Examining an Elementary Computer

Before we examine the EVM, we will look at a very simple computer to get an understanding of the process a computer undergoes when running. By understanding the logistics of an elementary computer, we will have the foundation necessary to understand more sophisticated computers.

The Cuzco Model

The Cuzco Model is a basic computer that I have created for the purposes of this section; this computer is capable of performing basic arithmetic operations.

To get started, we will first discuss the architecture of the Cuzco Model - i.e. the components that the Cuzco Model is comprised of:

  • Instructions: an ordered list of operations that the computer will perform. This list is 0-indexed.

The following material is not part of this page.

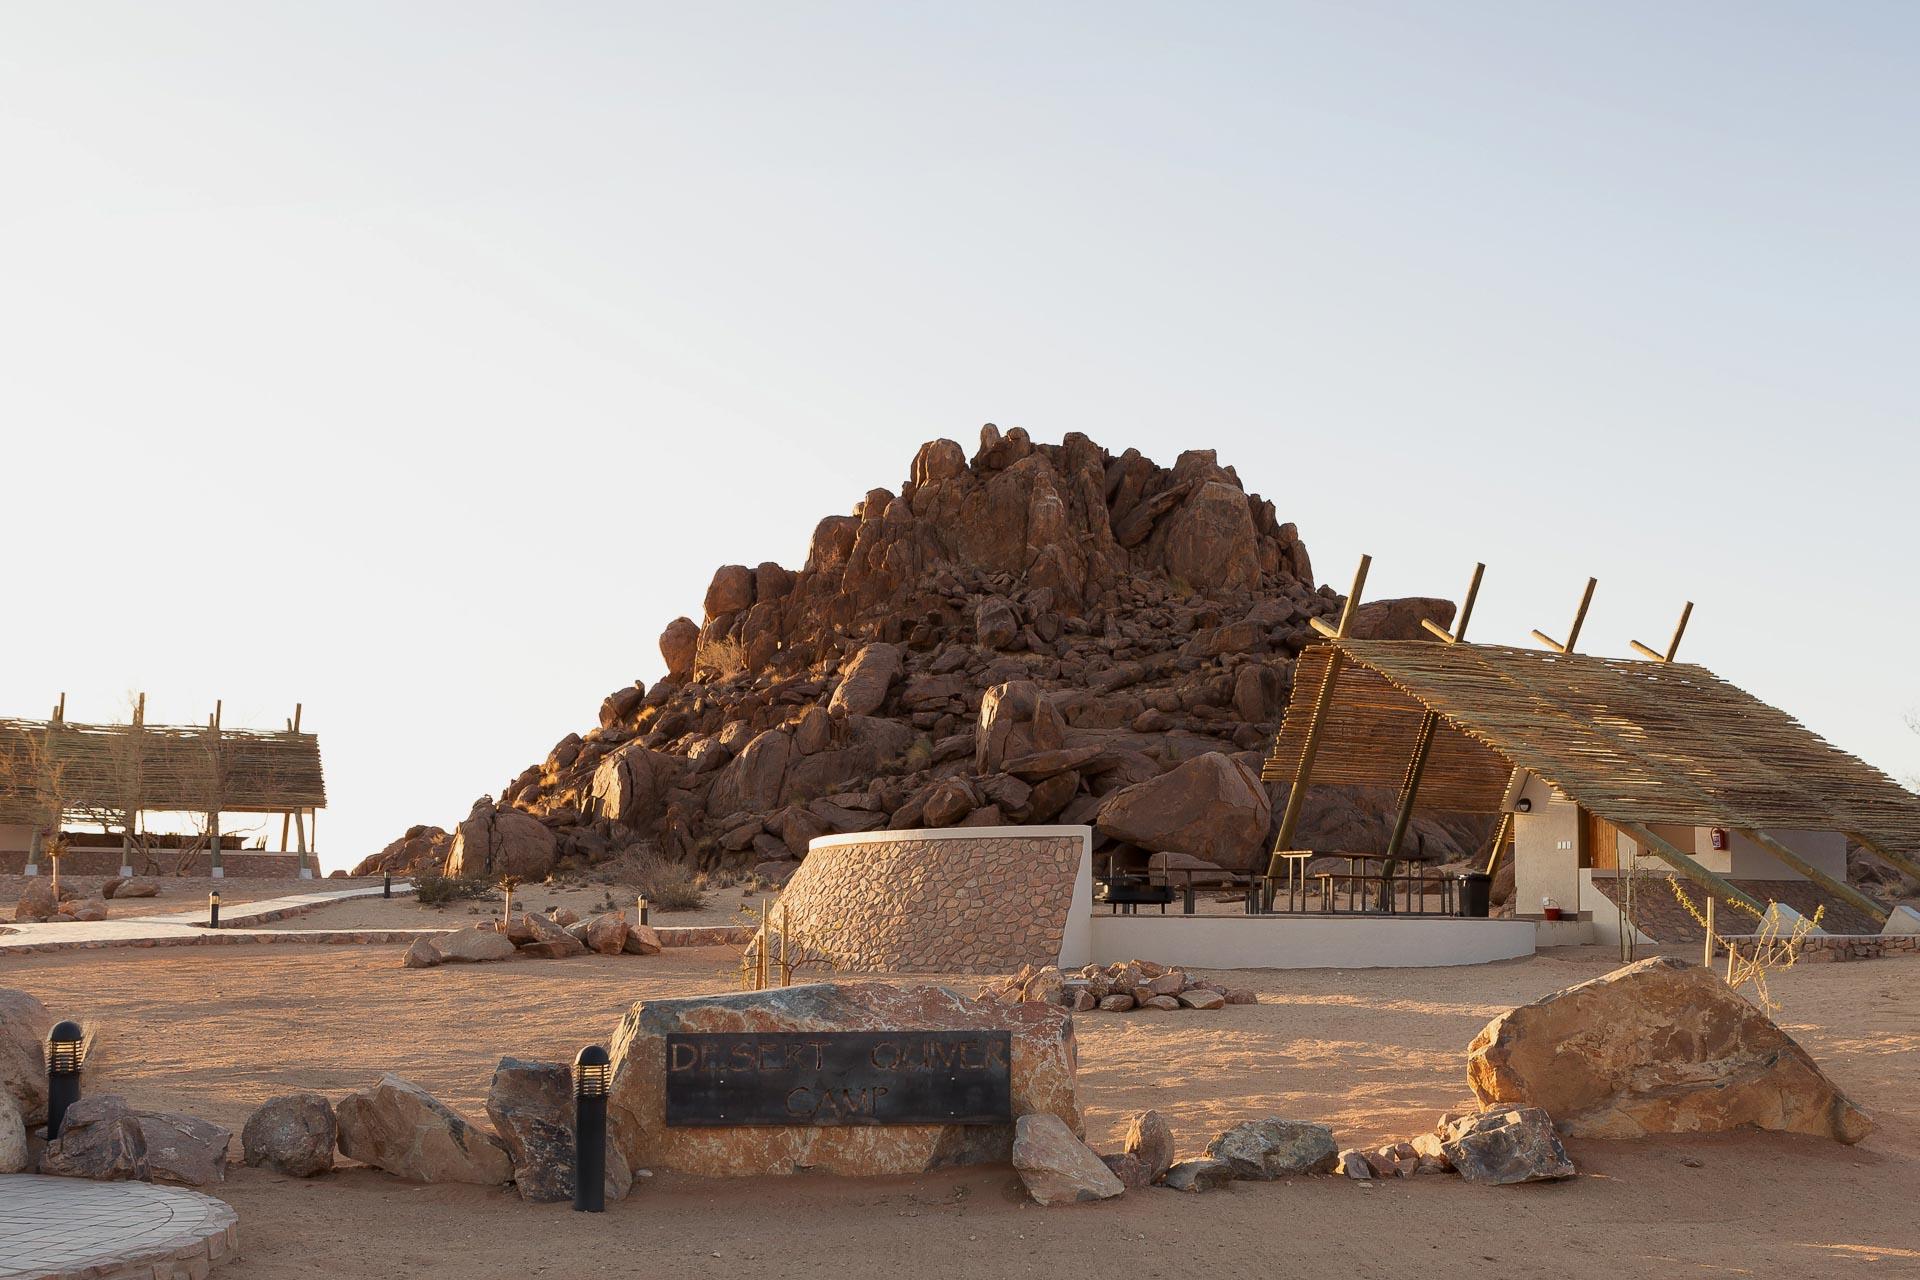 Desert-Quiver-Camp-Namibia-1

  • Program Counter (PC): keeps track of the current instruction to execute

  • Stack: data structure that is updated via operations

Now that we have discussed the architecture of the Cuzco Model, we will examine the stack - although simple, the stack allows us for the Cuzco Model to be memoryful. Otherwise, we can perform an infinite number of operations and our computer would still remain in the same "state". Like all stacks, the stack that the Cuzco Model utilizes operates on a last-in, first-out principle. However, this stack grows up, not down.

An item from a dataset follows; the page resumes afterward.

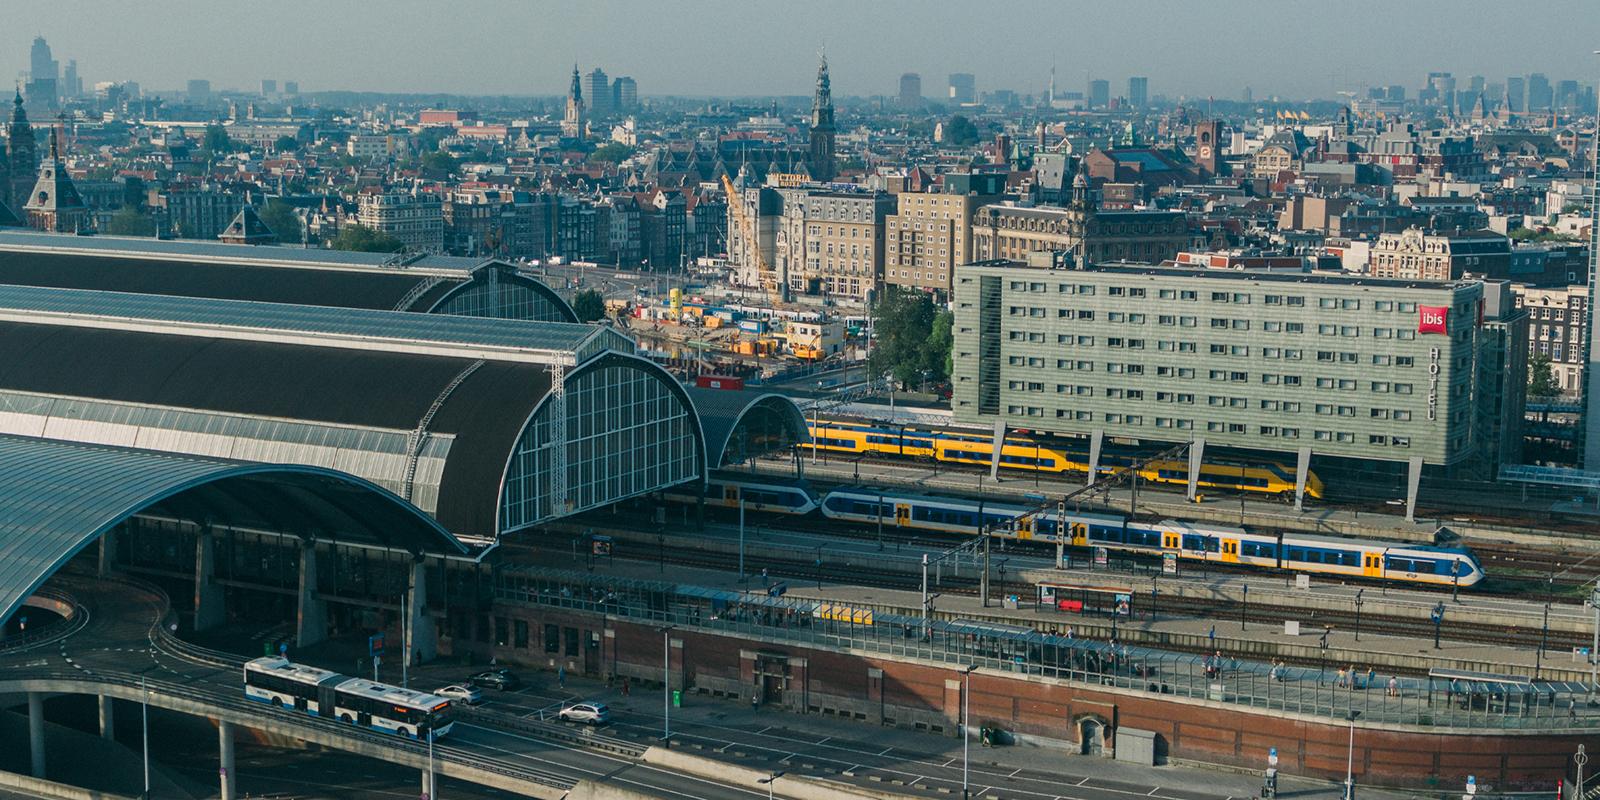 Amsterdam CS_1600x800.jpg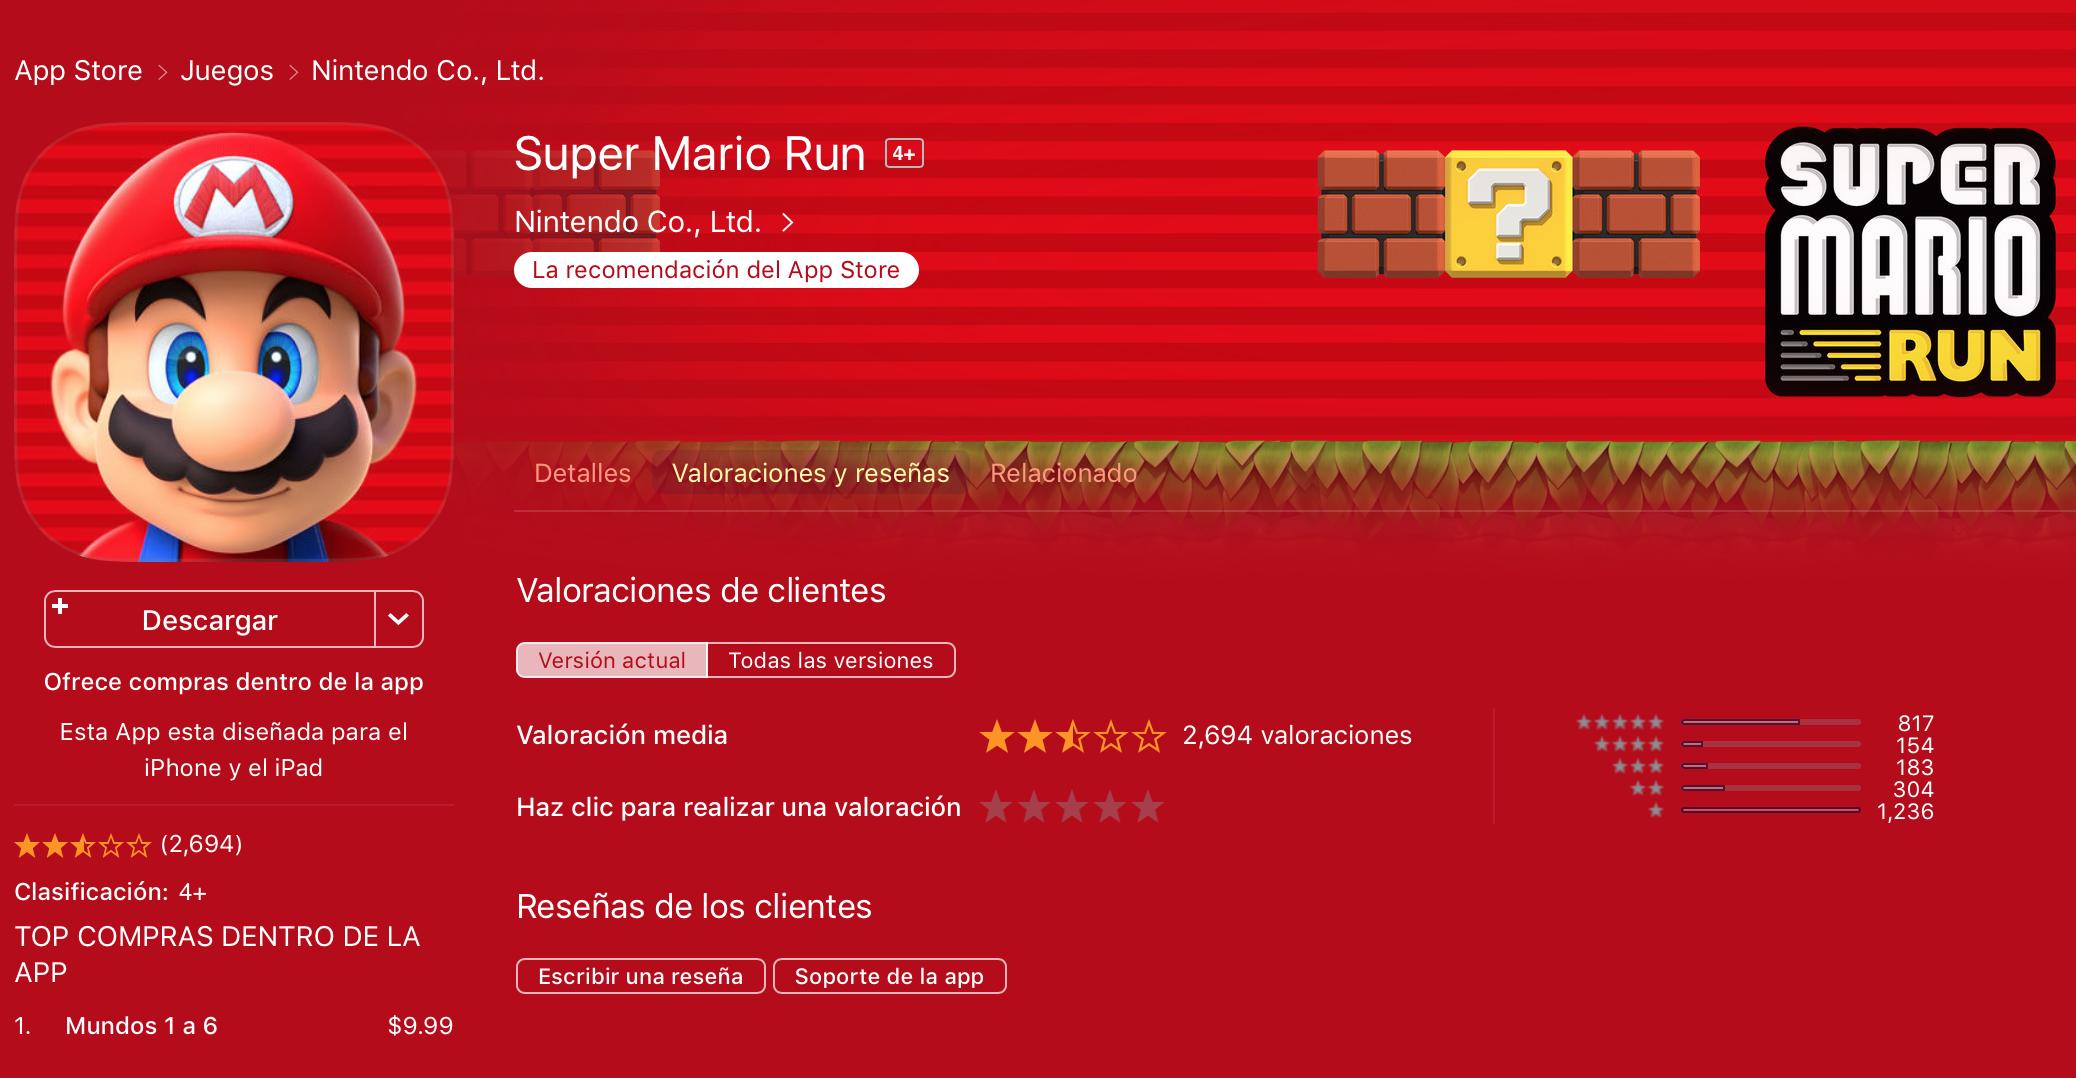 Mario reviews

Next, we discuss the operations that the Cuzco Model is capable of; listed below are a

OperationOperation Code (OpCode)Description

Push v

0x00 v

Pushes v to the top of the stack

Addition

0x01

Pops the top two elements from the stack, computes their sum, and pushes the result to the stack

Subtraction

0x02

Pops the top two elements from the stack, computes their difference, and pushes the result to the stack

Logical And

0x03

Pops the topmost element from the stack, computes the logical and operation of the value, and pushes the result to the stack

Bitwise And

0x04

Pops the topmost elements from the stack, computes the bitwise and operation of the value, and pushes the result to the stack

Stop

0x05

Stops execution of the program

Finally, listed below are the invariants that the Cuzco model abides by:

  • All values on the stack are 8-bit signed integers.

    • Furthermore, there is no protection against integer overflow

  • The stack has a maximum depth of 4 values

Now that we have the specification of the Cuzco Model outlined, let's examine a couple of examples that show the power of the Cuzco Model!

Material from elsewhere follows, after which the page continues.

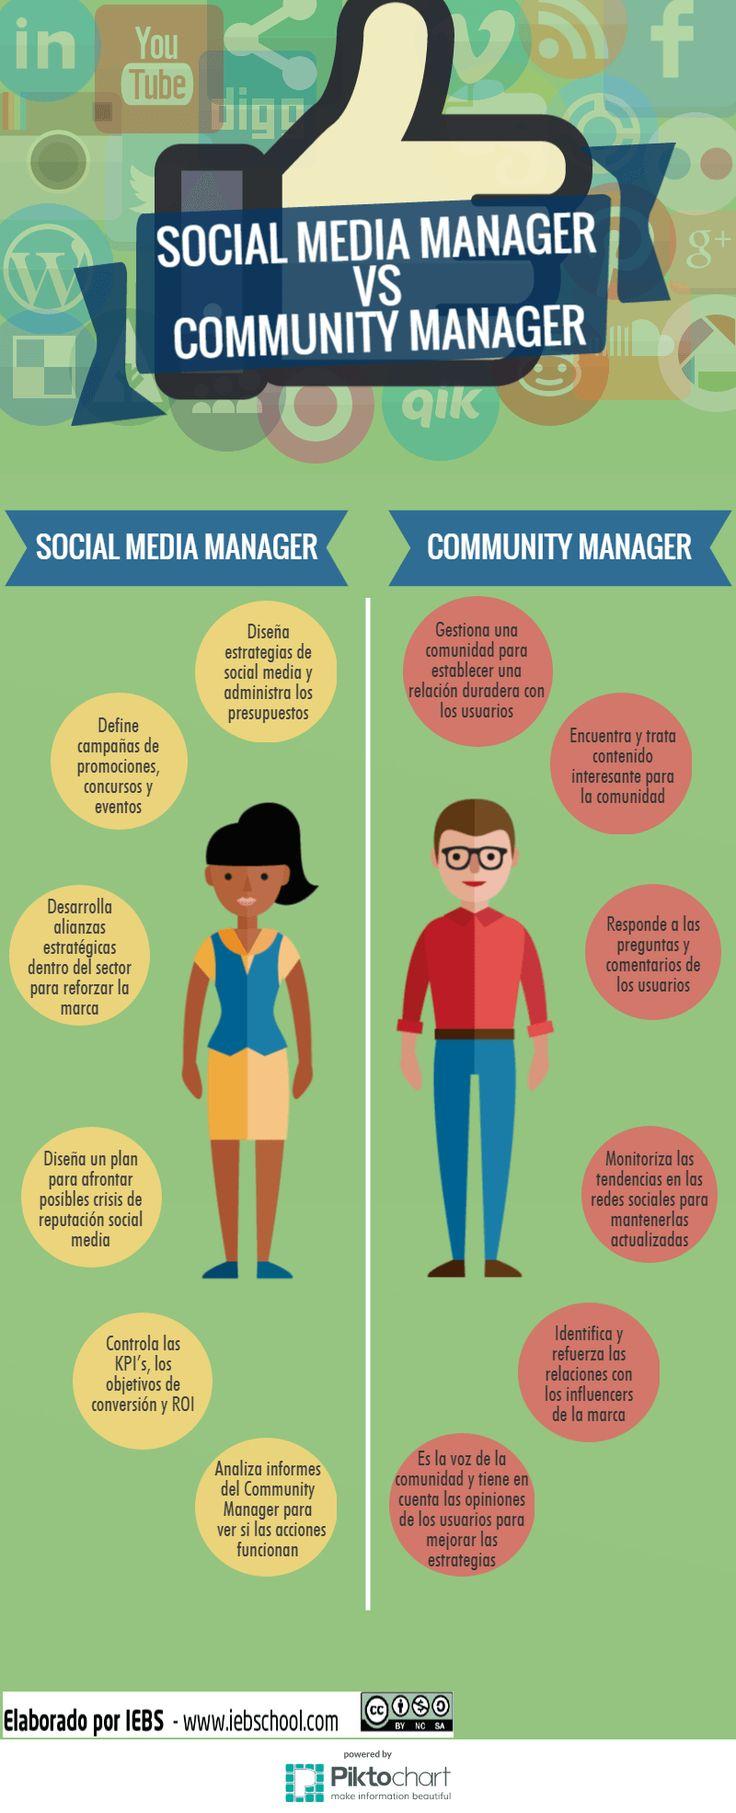 #Socialmedia Manager vs Community Manager   #infografia - http://buff.ly/1KEkTVx

Example One: Adding Two Values

We begin by adding two numbers; although this may seem like an easy task at first, there are multiple steps involved for the Cuzco Model to execute this.

Assume that we want to compute the sum of 1 + 2. The first step in this is to get the values 1 and 2 onto the computer itself. To do this, we can use the Push operation; listed below are the two Push operations that we need to input 1 and 2 into the Cuzco Model:

0x00 0x01 (Push 2)
0x00 0x02 (Push 1)

Now that we have the two values 1 and 2 pushed onto the stack, we want to compute their sum. To do this, we can use the addition operation. Our updated list of instructions is as follows:

0x00 0x1 (Push 2)
0x00 0x2 (Push 1)
0x01 (Addition)

Finally, to signal to the computer that we are finished executing, we include the Stop operation at the end of our instructions. Therefore, our final set of instructions is as follows:

0x00 0x1 (Push 2)
0x00 0x2 (Push 1)
0x01 (Addition)
0x05 (Stop)

We now run the Cuzco Model on the set of instructions provided above. Below is a table which shows the state of the computer at each step of execution:

PCInstructionStackDescription

0x0

0x00 0x1

1 |

We are pushing 1 onto the stack

0x1

0x00 0x2

2 | 1 |

We are pushing two onto the stack

0x2

0x01

3 |

We are computing the sum of 1 and 2

0x3

0x05

3 |

We are terminating the program

Example Two: Multiple Arithmetic Operations

In this next example, we will introduce the subtraction operation. Here, we will compute (1 + 2) - 5, which should yield us the value -2. Rather than having to rewrite our original list of instructions, we just need to add the following two operations:

  • We need to push 5 onto the stack before we push 1 and 2

  • After computing the sum of 1 and 2, we need to compute the difference of the result and 5

Therefore, our updated set of instructions is as follows:

0x00 0x5 (Push 5)
0x00 0x1 (Push 2)
0x00 0x2 (Push 1)
0x01 (Addition)
0x02 (Subtraction)
0x05 (Stop)

Running the Cuzco Model on the new set of instructions, our state table is as follows:

PCInstructionStackDescription

0x0

0x00 0x5

5 |

We are pushing 5 onto the stack

0x1

0x00 0x1

1 | 5

We are pushing 1 onto the stack

0x2

0x00 0x2

2 | 1 | 5

We are pushing 2 onto the stack

0x3

0x01

3 | 5

We are computing the sum of 1 and 2

0x4

0x02

-2 |

We are computing the difference of 3 and 5

0x5

0x05

-2 |

We are terminating the program

Example Three: Introducing Logical Operators

In this example, we want to compute the result of 1 && 2 (where && is the logical and operator). Since 1, 2 are nonzero values, this should equal 1. First writing our set of instructions:

0x00 0x1 (Push 1)
0x00 0x2 (Push 2)
0x03 (Logical And)
0x05 (Stop)

Running the Cuzco Model on the set of instructions above:

PCInstructionStackDescription

0x0

0x00 0x1

1 |

We are pushing 1 onto the stack

0x1

0x00 0x2

2 | 1 |

We are pushing 2 onto the stack

0x2

0x03

1 |

We are popping 1 and 2 from the stack, computing the logical and operation, and pushing the result onto the stack

0x3

0x05

1 |

We are terminating the program

Example Four: Introducing Bitwise Operators

In our final example, we will introduce the usage of the bitwise and operator.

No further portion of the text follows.